## About this task
When a line in the listing contains the string "White", pick it out and copy it.

## Source material
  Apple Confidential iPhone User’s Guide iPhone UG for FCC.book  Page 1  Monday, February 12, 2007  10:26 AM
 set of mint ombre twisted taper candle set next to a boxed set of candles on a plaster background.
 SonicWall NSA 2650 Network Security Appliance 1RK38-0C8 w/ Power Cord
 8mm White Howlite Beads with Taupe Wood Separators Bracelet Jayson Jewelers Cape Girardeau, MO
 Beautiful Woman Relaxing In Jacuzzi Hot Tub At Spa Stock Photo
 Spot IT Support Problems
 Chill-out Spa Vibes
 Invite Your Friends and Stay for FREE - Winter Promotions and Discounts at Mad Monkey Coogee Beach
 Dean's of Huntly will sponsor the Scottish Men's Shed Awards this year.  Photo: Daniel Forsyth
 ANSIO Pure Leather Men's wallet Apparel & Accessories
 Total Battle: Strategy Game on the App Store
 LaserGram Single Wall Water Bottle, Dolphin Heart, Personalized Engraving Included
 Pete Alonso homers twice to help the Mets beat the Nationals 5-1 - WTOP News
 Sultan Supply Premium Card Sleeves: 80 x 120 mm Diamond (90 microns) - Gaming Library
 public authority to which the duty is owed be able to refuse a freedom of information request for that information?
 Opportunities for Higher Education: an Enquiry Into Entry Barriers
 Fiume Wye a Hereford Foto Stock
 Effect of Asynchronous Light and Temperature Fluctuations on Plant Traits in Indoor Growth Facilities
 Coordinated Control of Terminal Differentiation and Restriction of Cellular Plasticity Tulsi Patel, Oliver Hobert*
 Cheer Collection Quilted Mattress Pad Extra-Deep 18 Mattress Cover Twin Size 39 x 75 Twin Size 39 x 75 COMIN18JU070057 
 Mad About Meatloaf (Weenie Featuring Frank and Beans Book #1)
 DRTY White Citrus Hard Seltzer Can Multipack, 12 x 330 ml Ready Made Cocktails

## Output for this exercise
 8mm White Howlite Beads with Taupe Wood Separators Bracelet Jayson Jewelers Cape Girardeau, MO
 DRTY White Citrus Hard Seltzer Can Multipack, 12 x 330 ml Ready Made Cocktails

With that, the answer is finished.